Leave the images out and repeat the data exactly as given.

### [Exercise data]

------------------------------

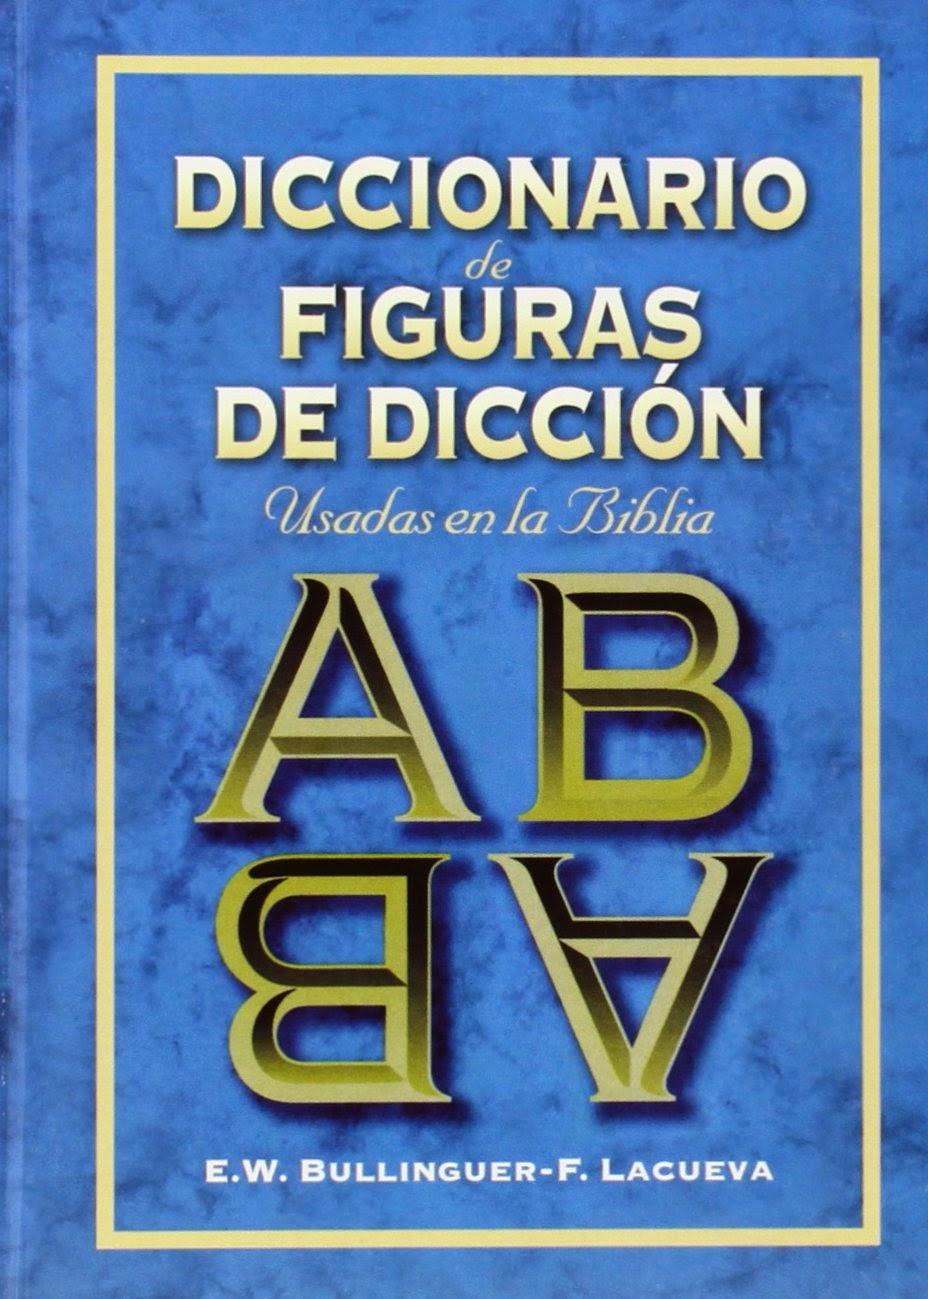 E. W. Bullinger y F. Lacueva-Diccionario De Figuras De Dicción Usadas En La Biblia-
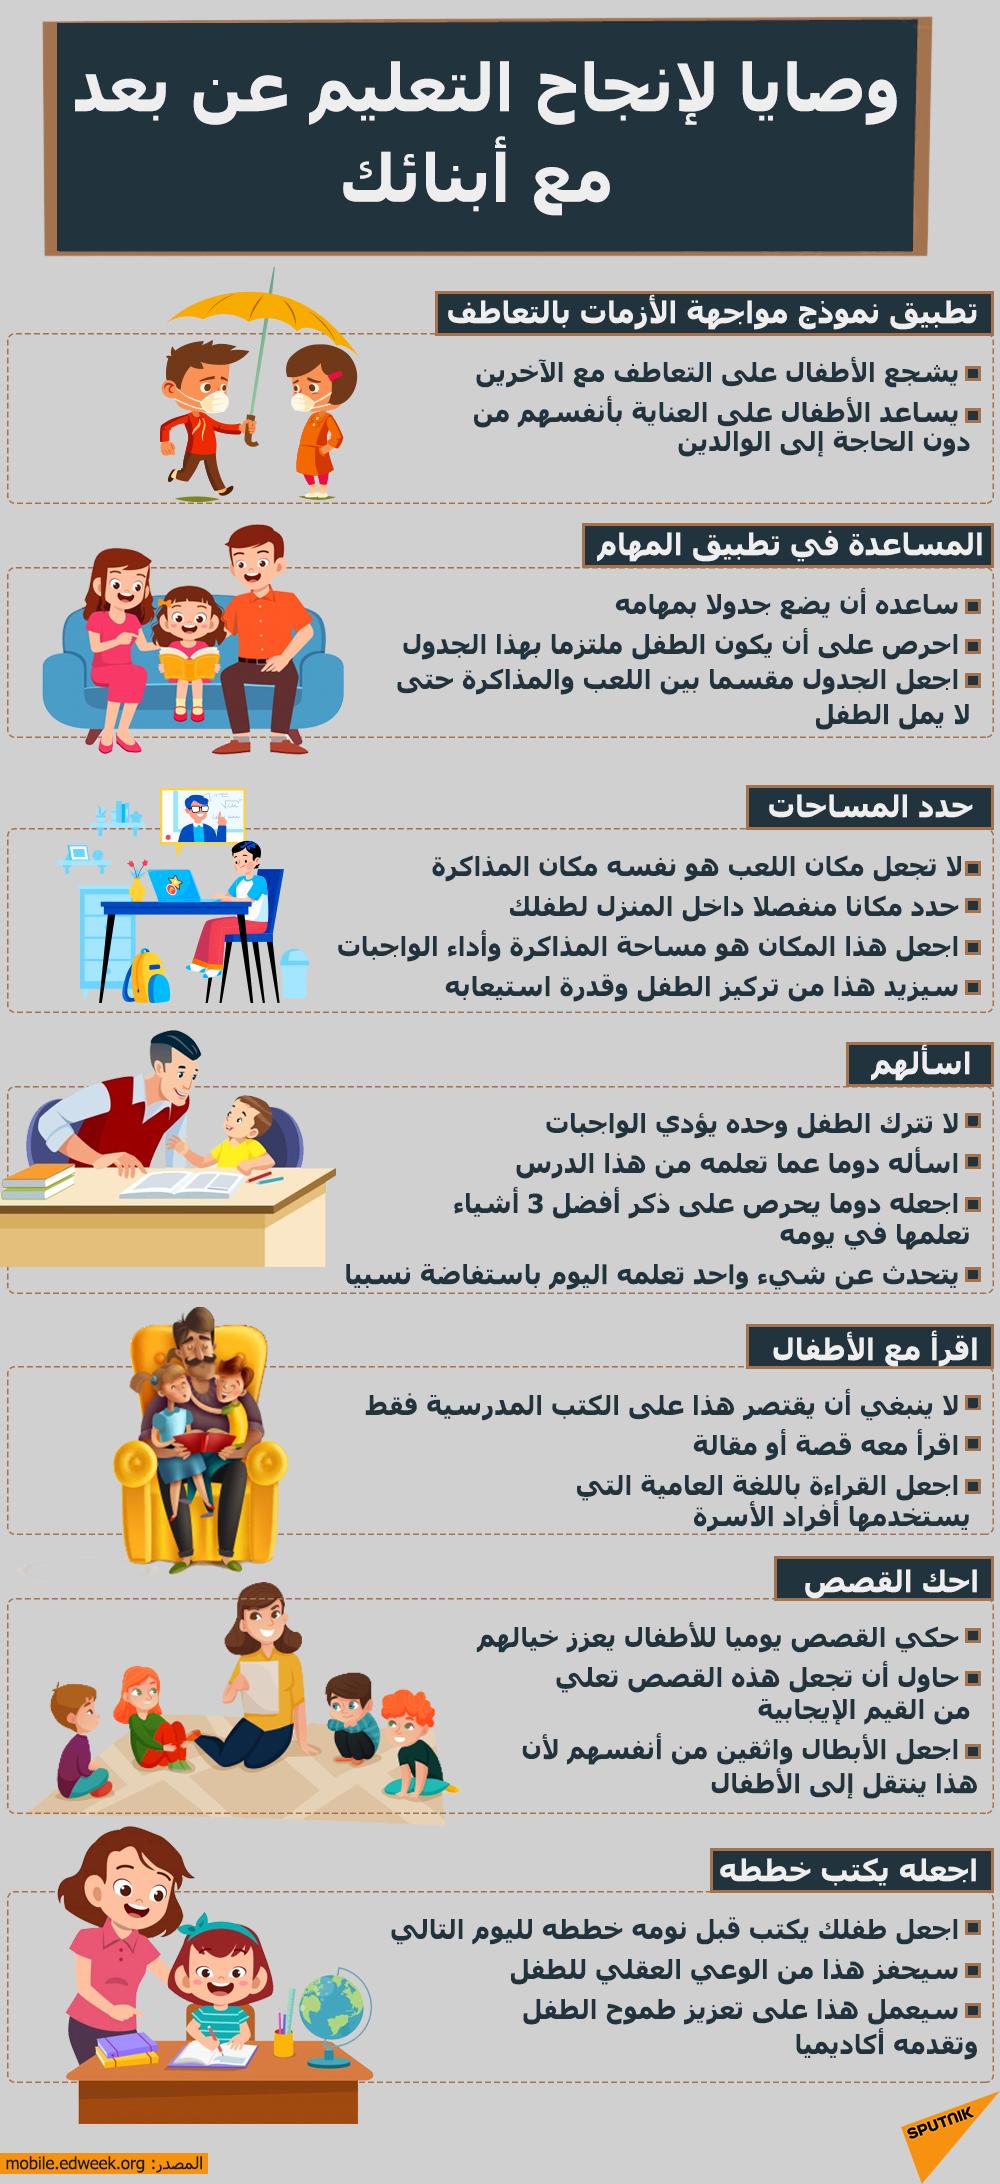 وصايا لإنجاح التعليم عن بعد مع أبنائك
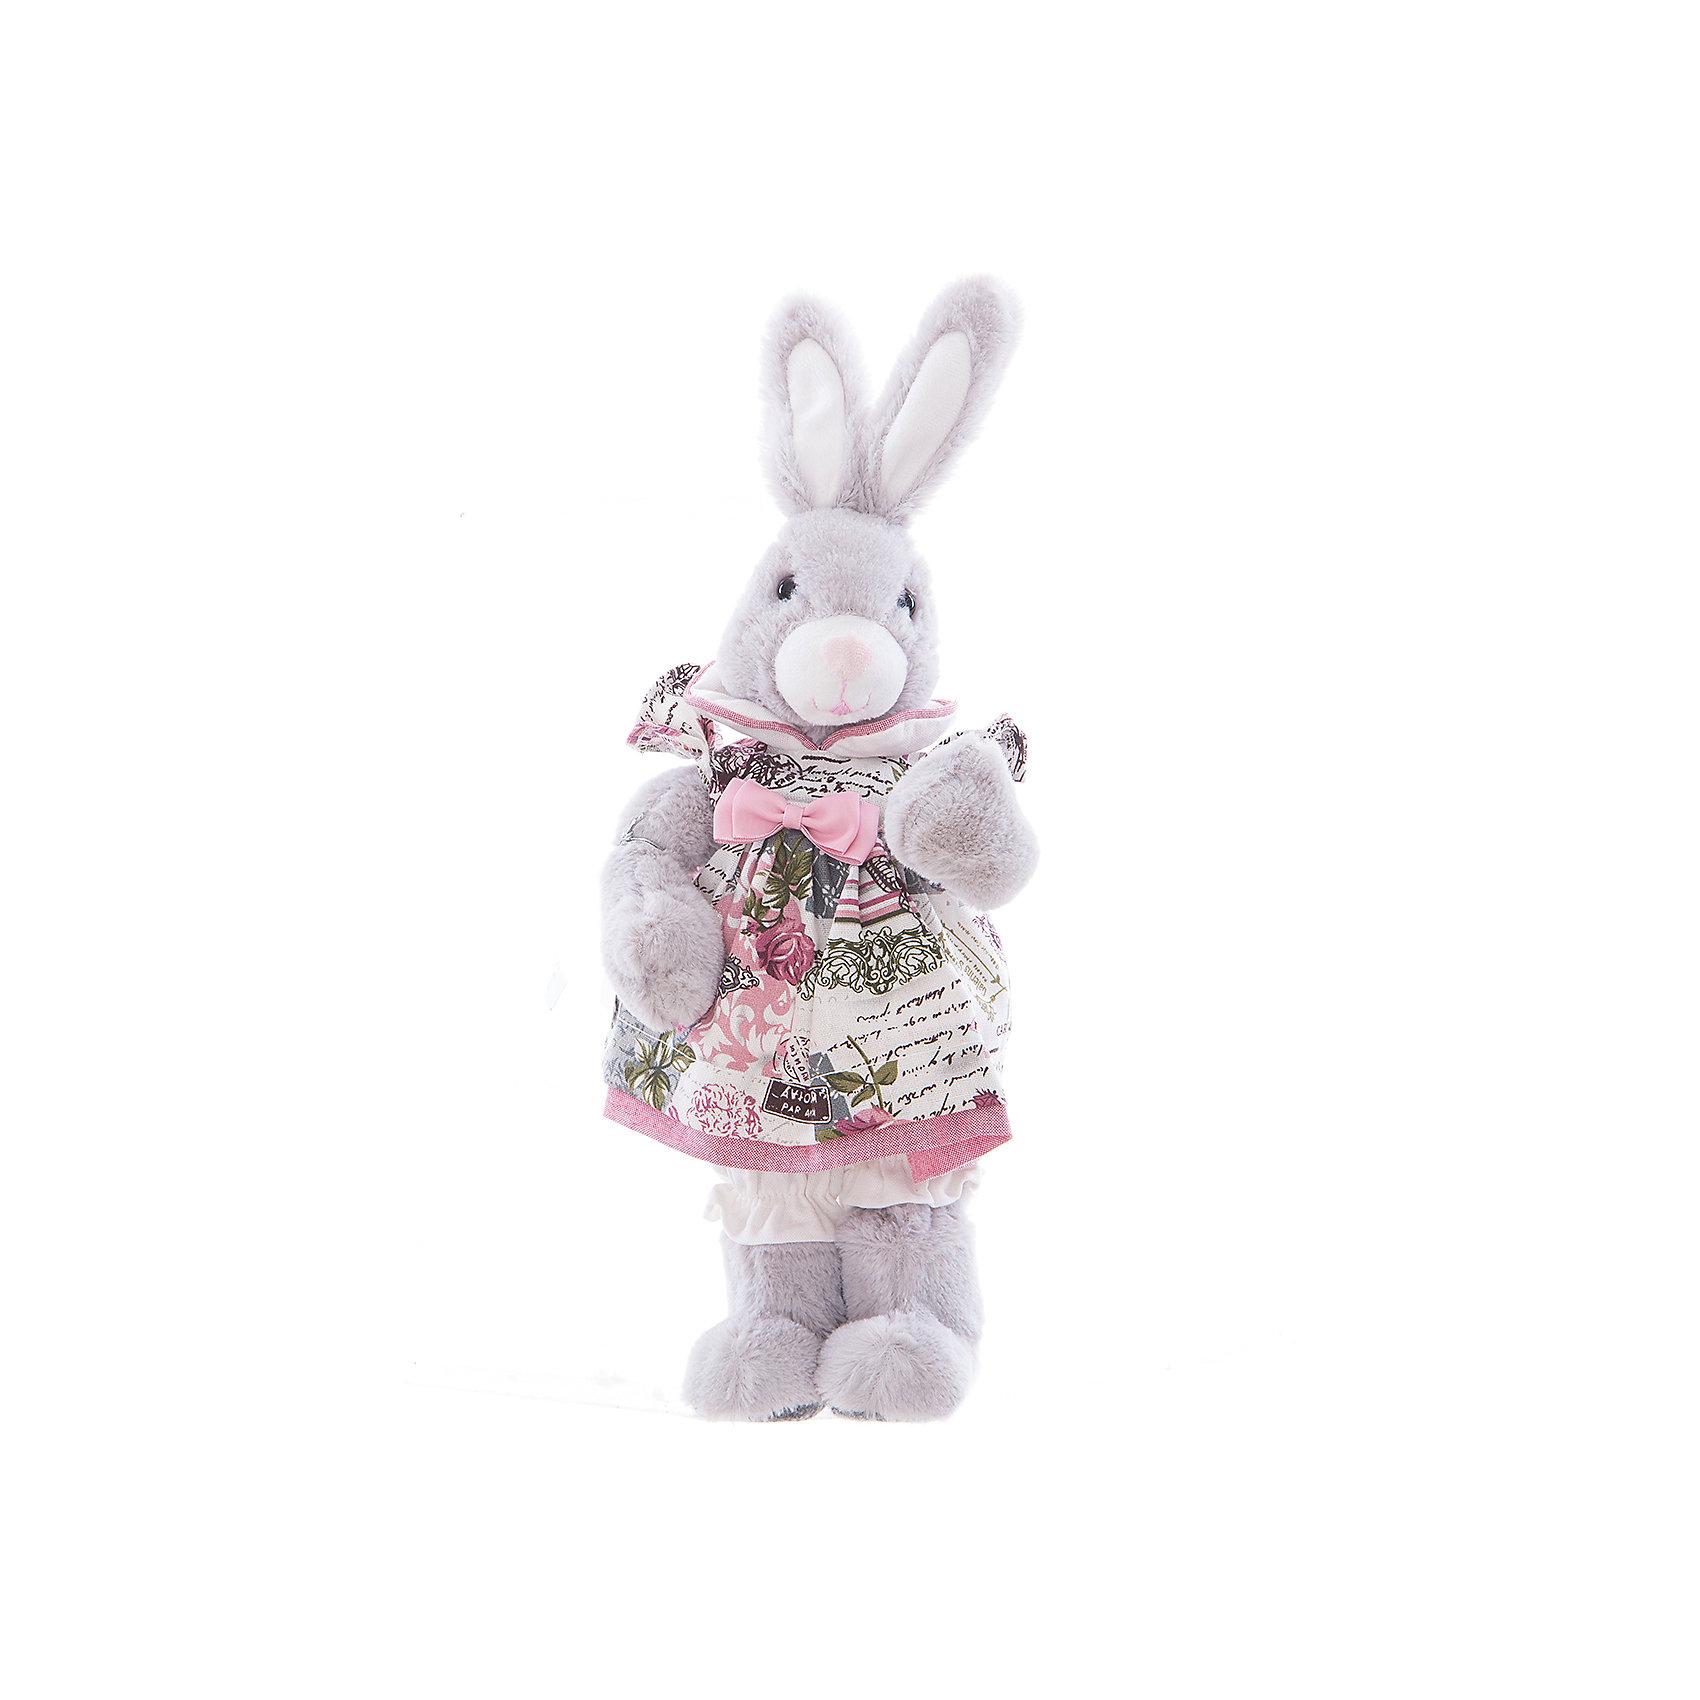 Интерьерная кукла Зайчик C21-168328, EstroПредметы интерьера<br>Характеристики интерьерной куклы:<br><br>- комплектация: игрушка<br>- размеры (высота): 18* 40*12 см. <br>- тип игрушки: животные, мягкая игрушка<br>- персонаж: заяц<br>- вид упаковки: коробка<br>- возрастные ограничения: 3+<br>- состав: дерево, полиэстер, текстиль, полиэфир, пластик,<br>- стиль: классический, прованс<br>- материал изготовления: высококачественный пластик, полиэстер, ткань<br>- бред: Estro<br>- страна бренда: Италия<br>- страна производитель: Китай<br><br>Серая зайчиха в цветном платье от торговой марки Estro дизайн изделия тщательно проработан. Все составляющие тщательно подогнаны и отлично подходят друг к другу. Выбранная кукла торговой марки Estro превосходно подойдет под Ваш интерьер. Выбранная кукла будет приятной покупкой или презентом родным, состоит из материалов отличного качества красивой палитры. Великолепная кукла является хорошим вариантом для любой коллекции. <br><br>Интерьерную куклу заяц итальянской торговой марки Estro можно купить в нашем интернет-магазине.<br><br>Ширина мм: 100<br>Глубина мм: 150<br>Высота мм: 400<br>Вес г: 328<br>Возраст от месяцев: 36<br>Возраст до месяцев: 1188<br>Пол: Женский<br>Возраст: Детский<br>SKU: 5356613
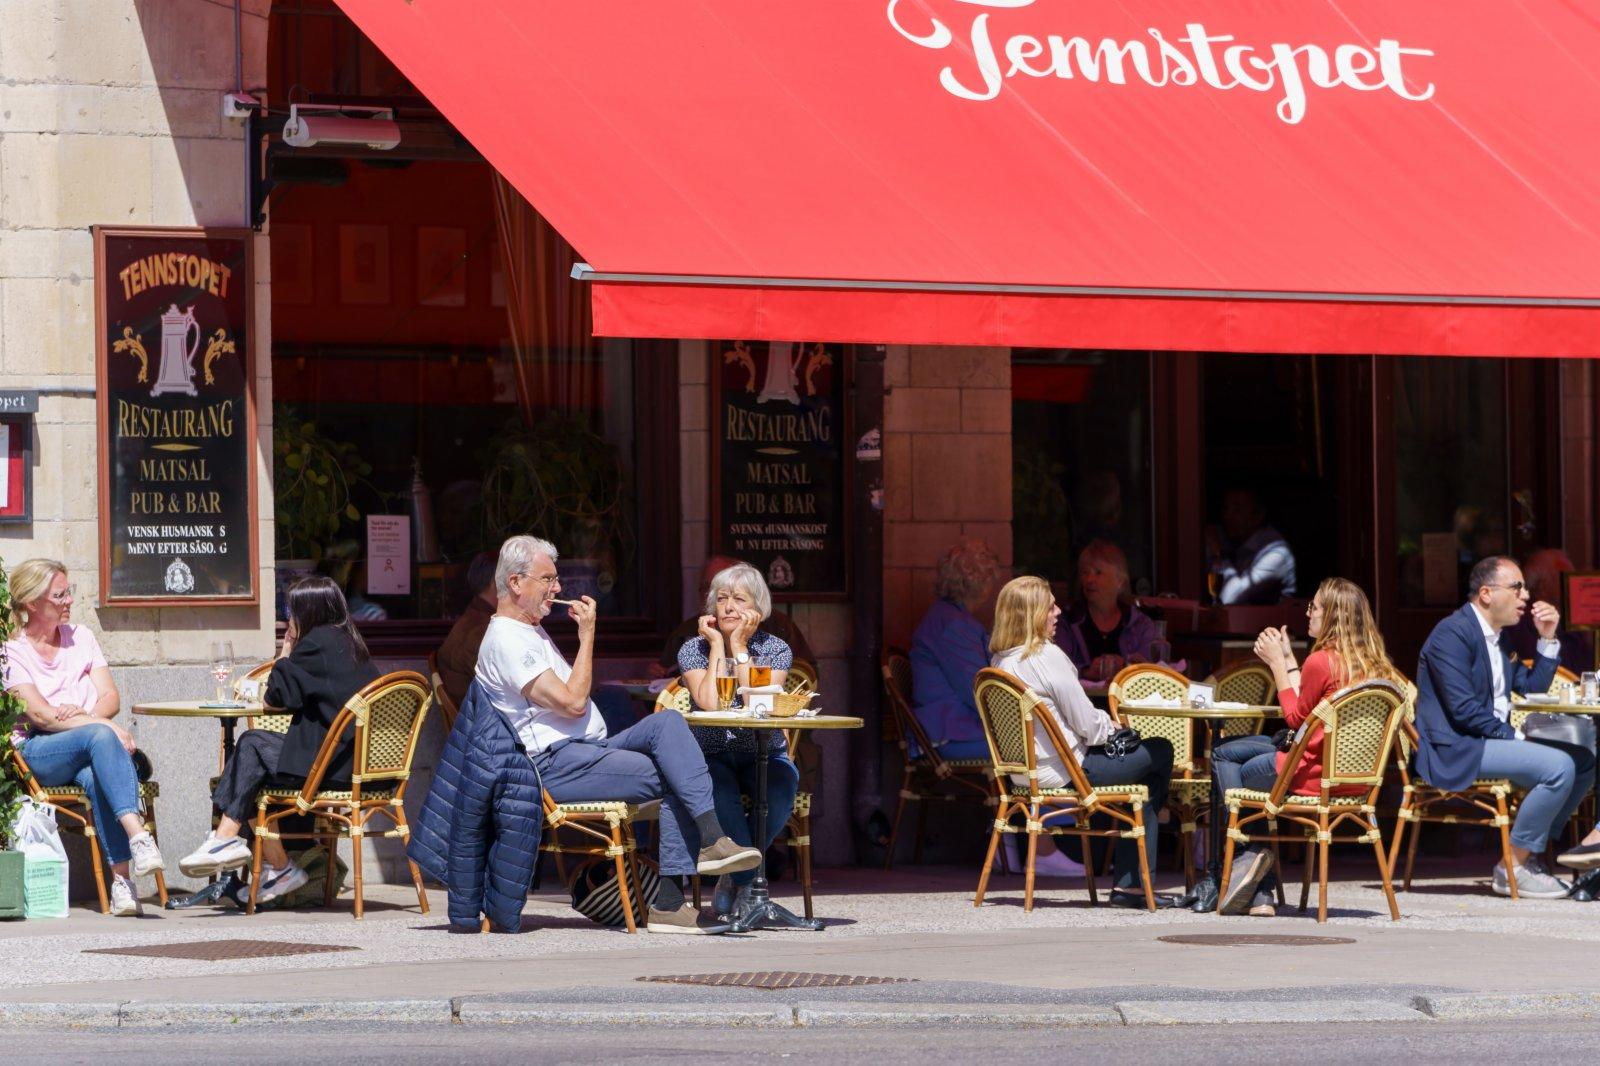 6月1日,人們在瑞典斯德哥爾摩一家餐廳的戶外就餐區用餐。(新華社)

------------------------------

### [Final answer]
 E. W. Bullinger y F. Lacueva-Diccionario De Figuras De Dicción Usadas En La Biblia-
 وصايا لإنجاح التعليم عن بعد مع أبنائك
 Интерьерная кукла Зайчик C21-168328, EstroПредметы интерьера<br>Характеристики интерьерной куклы:<br><br>- комплектация: игрушка<br>- размеры (высота): 18* 40*12 см. <br>- тип игрушки: животные, мягкая игрушка<br>- персонаж: заяц<br>- вид упаковки: коробка<br>- возрастные ограничения: 3+<br>- состав: дерево, полиэстер, текстиль, полиэфир, пластик,<br>- стиль: классический, прованс<br>- материал изготовления: высококачественный пластик, полиэстер, ткань<br>- бред: Estro<br>- страна бренда: Италия<br>- страна производитель: Китай<br><br>Серая зайчиха в цветном платье от торговой марки Estro дизайн изделия тщательно проработан. Все составляющие тщательно подогнаны и отлично подходят друг к другу. Выбранная кукла торговой марки Estro превосходно подойдет под Ваш интерьер. Выбранная кукла будет приятной покупкой или презентом родным, состоит из материалов отличного качества красивой палитры. Великолепная кукла является хорошим вариантом для любой коллекции. <br><br>Интерьерную куклу заяц итальянской торговой марки Estro можно купить в нашем интернет-магазине.<br><br>Ширина мм: 100<br>Глубина мм: 150<br>Высота мм: 400<br>Вес г: 328<br>Возраст от месяцев: 36<br>Возраст до месяцев: 1188<br>Пол: Женский<br>Возраст: Детский<br>SKU: 5356613
 6月1日,人們在瑞典斯德哥爾摩一家餐廳的戶外就餐區用餐。(新華社)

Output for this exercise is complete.